### Given material
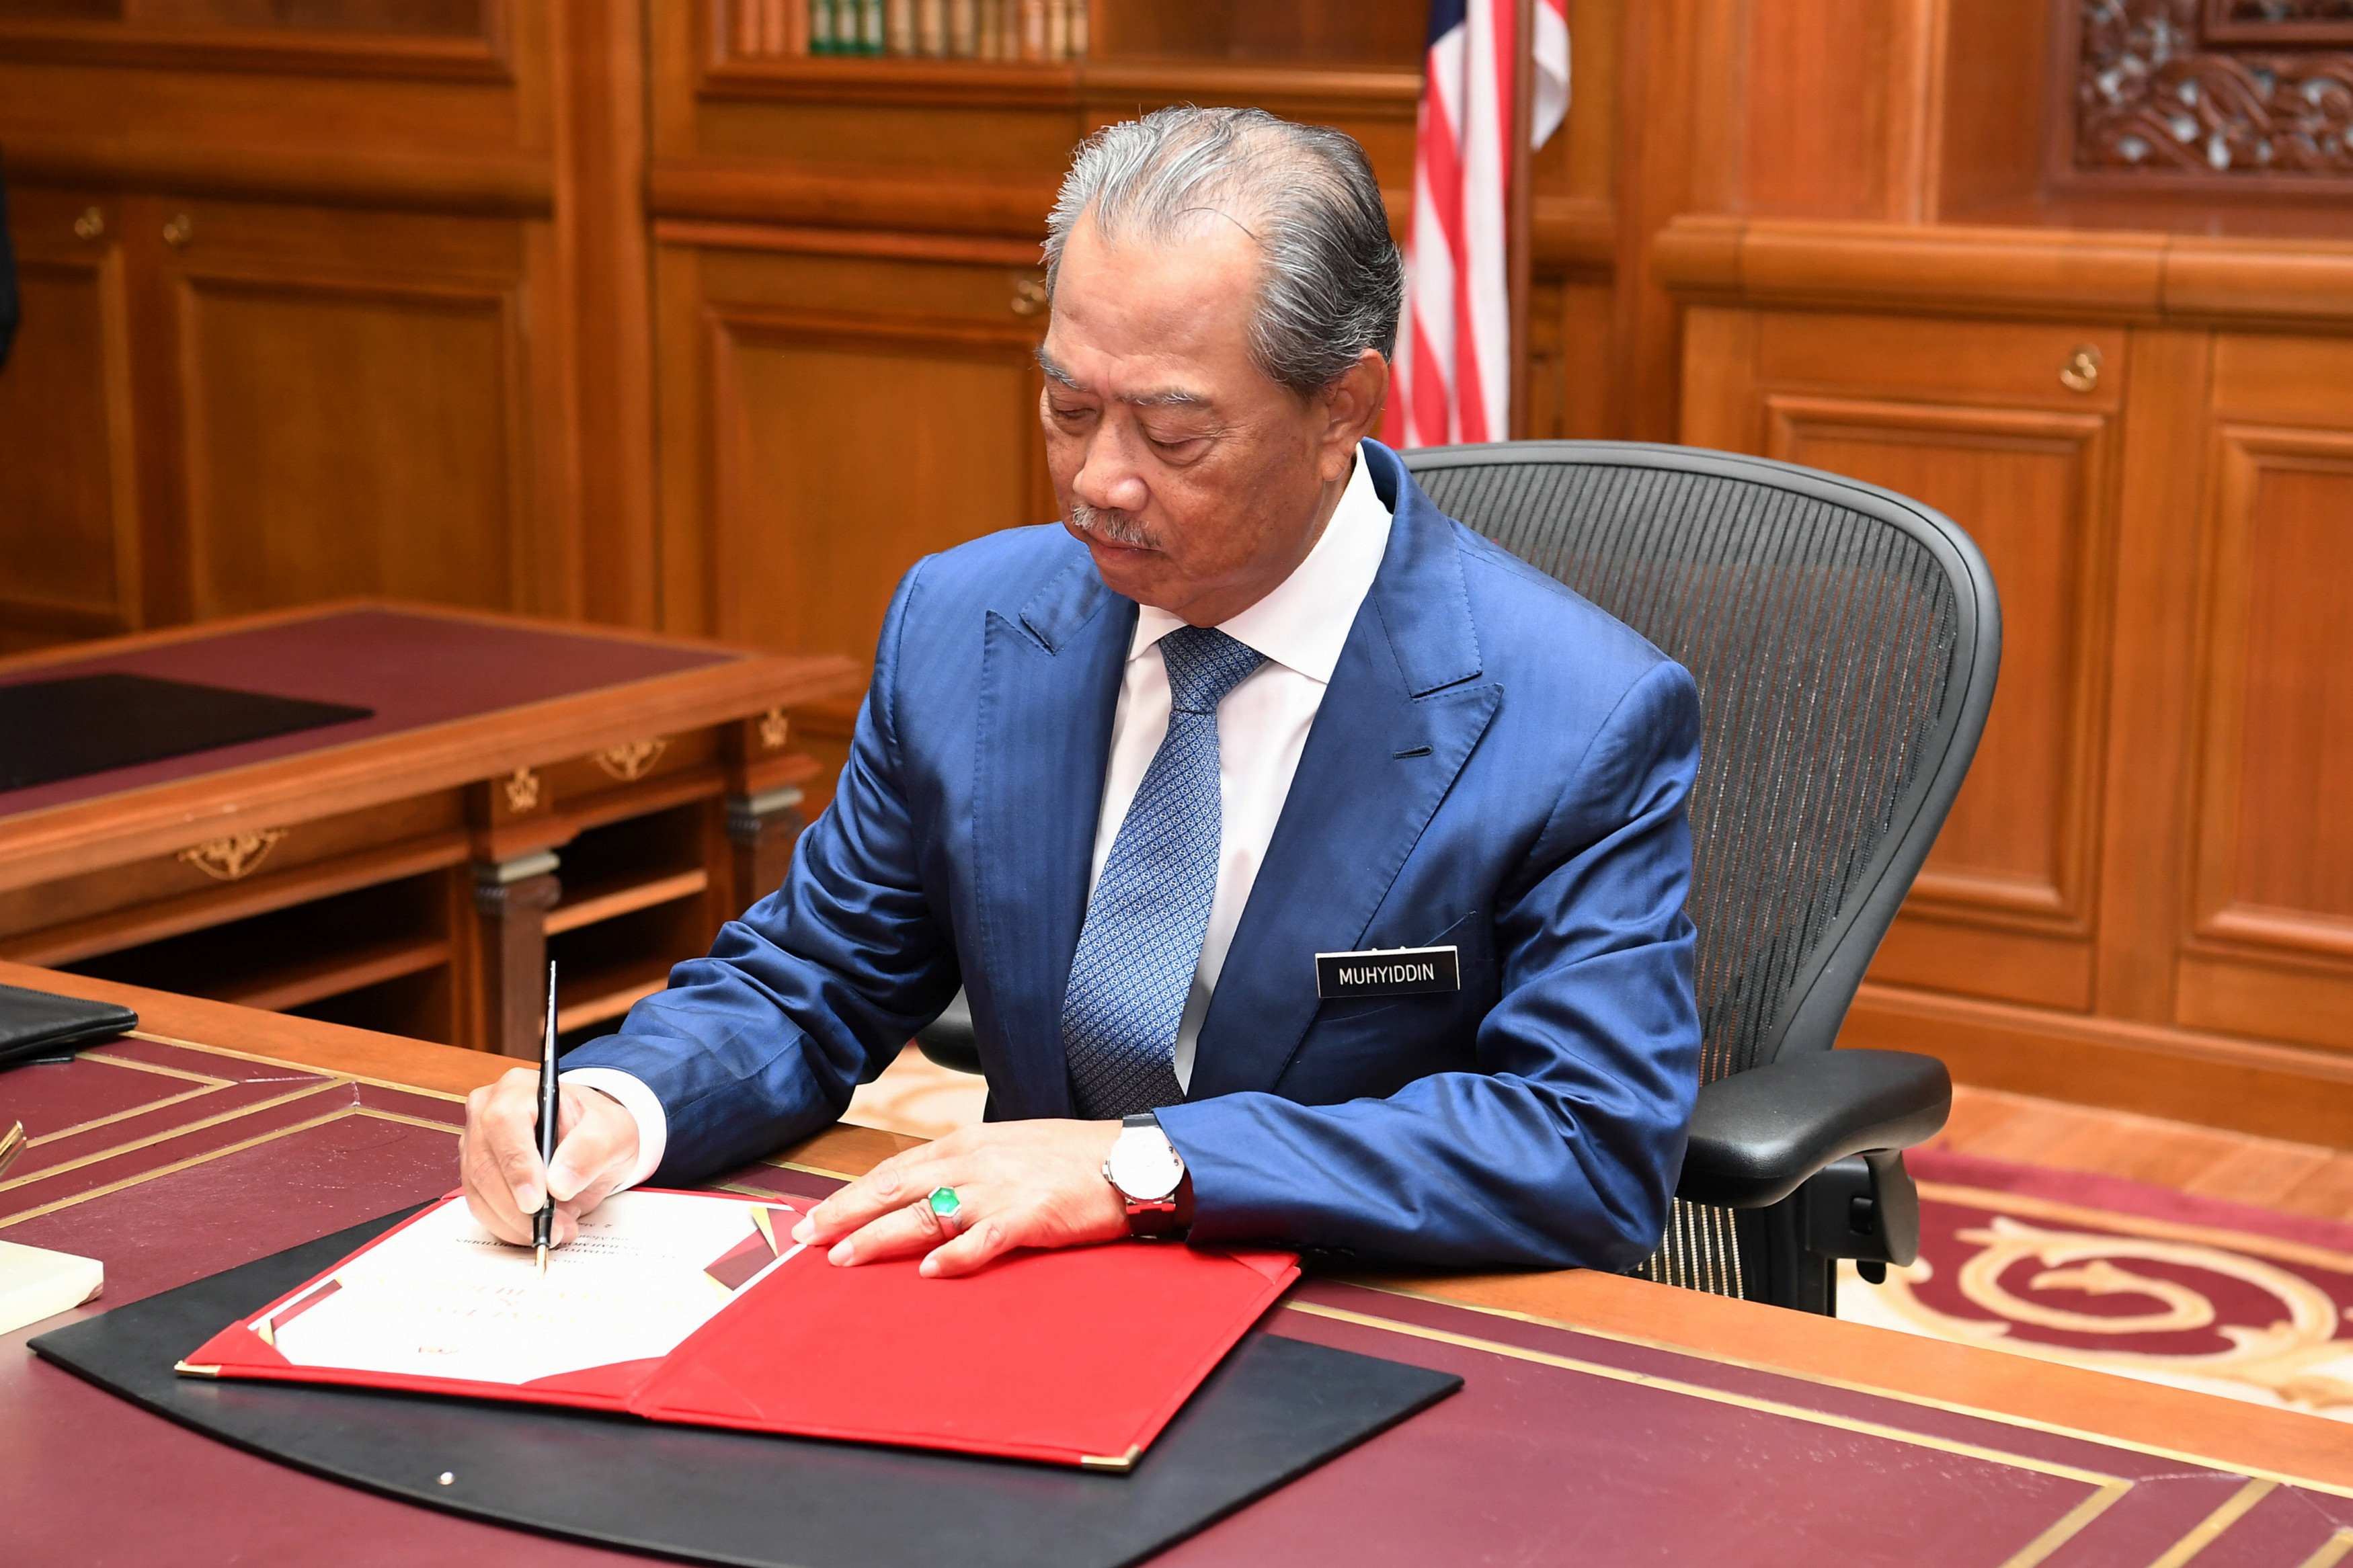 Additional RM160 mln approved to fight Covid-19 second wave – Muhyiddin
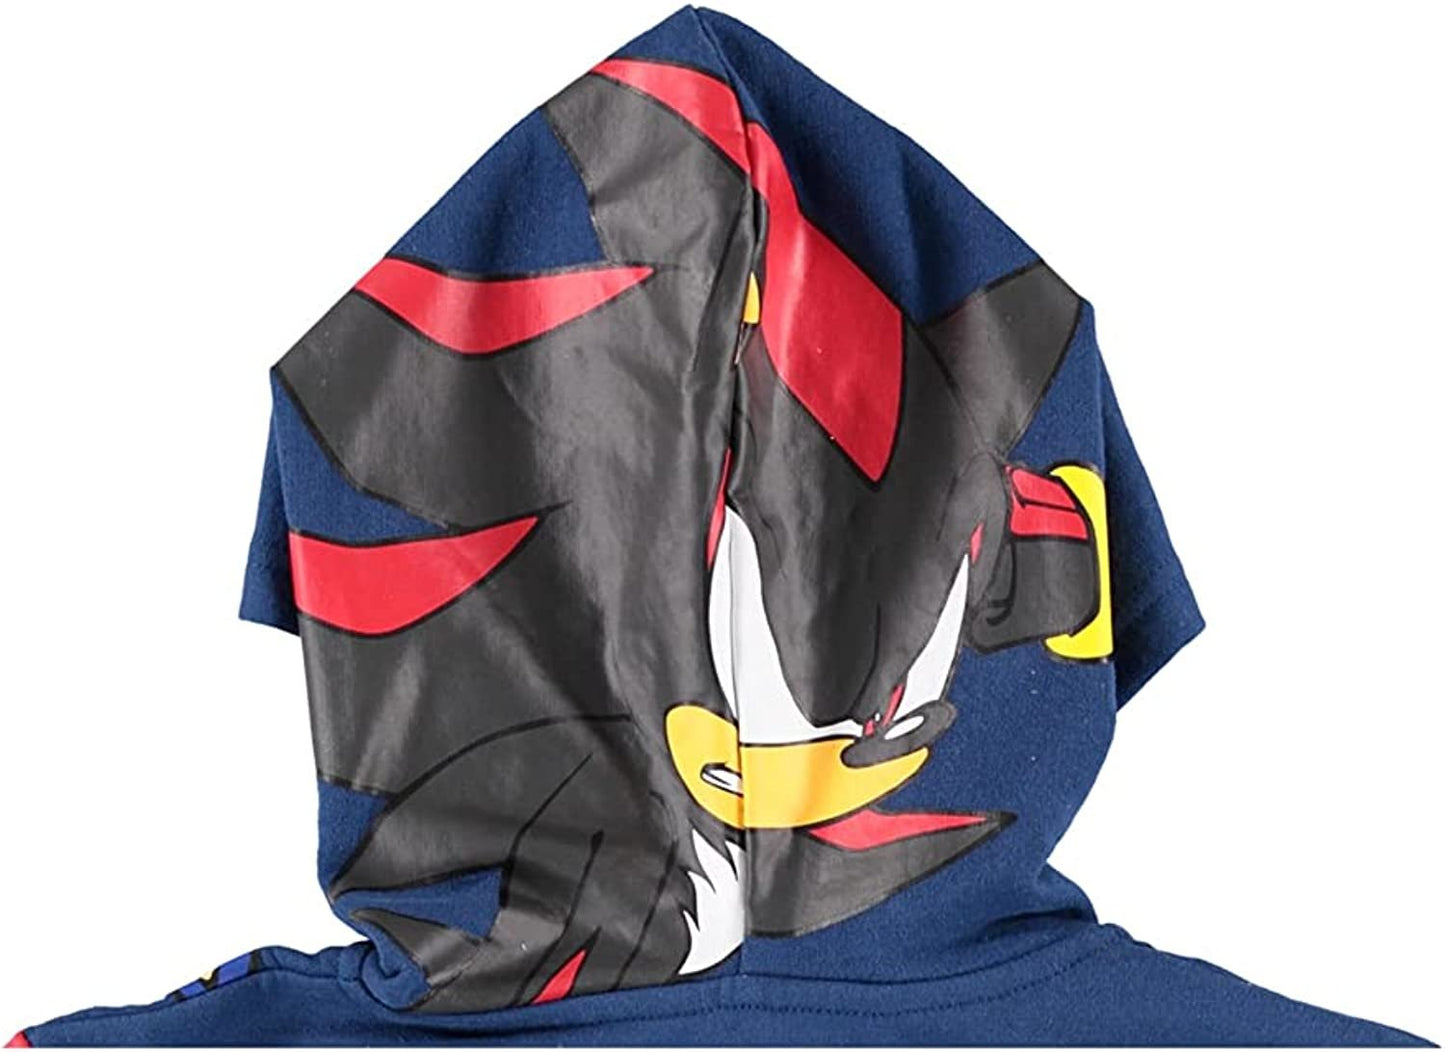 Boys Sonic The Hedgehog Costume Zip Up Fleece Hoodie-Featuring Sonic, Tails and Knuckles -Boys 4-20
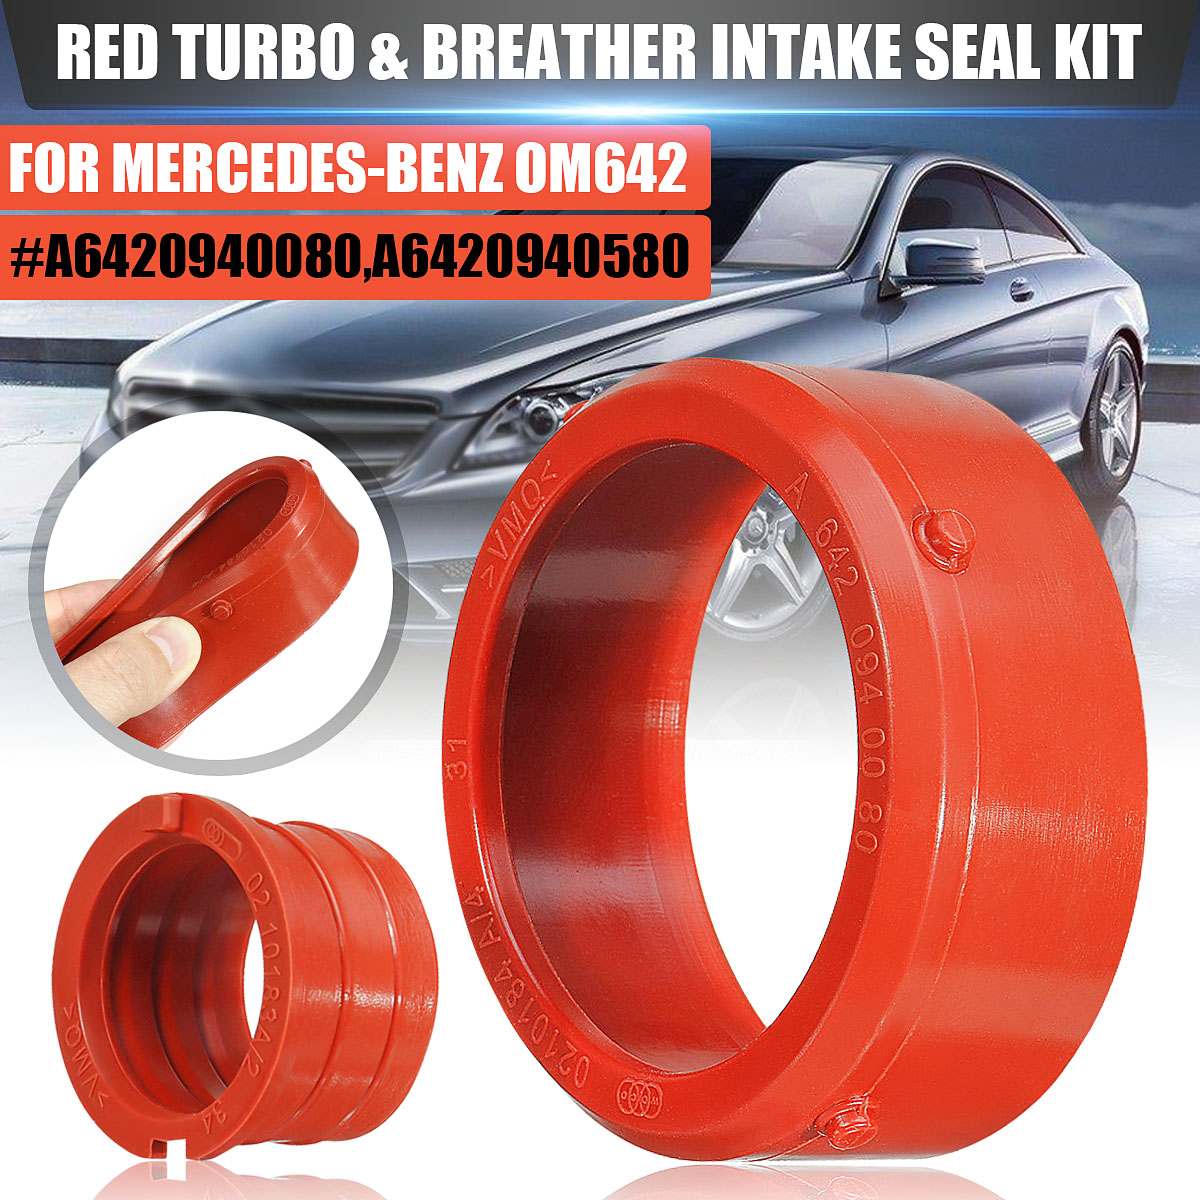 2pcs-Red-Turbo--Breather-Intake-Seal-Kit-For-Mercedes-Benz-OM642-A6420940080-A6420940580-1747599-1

### Task
A word-for-word copy of all the data, without pictures, is the expected output.

### Solution for this exercise
 Additional RM160 mln approved to fight Covid-19 second wave – Muhyiddin
 Boys Sonic The Hedgehog Costume Zip Up Fleece Hoodie-Featuring Sonic, Tails and Knuckles -Boys 4-20
 2pcs-Red-Turbo--Breather-Intake-Seal-Kit-For-Mercedes-Benz-OM642-A6420940080-A6420940580-1747599-1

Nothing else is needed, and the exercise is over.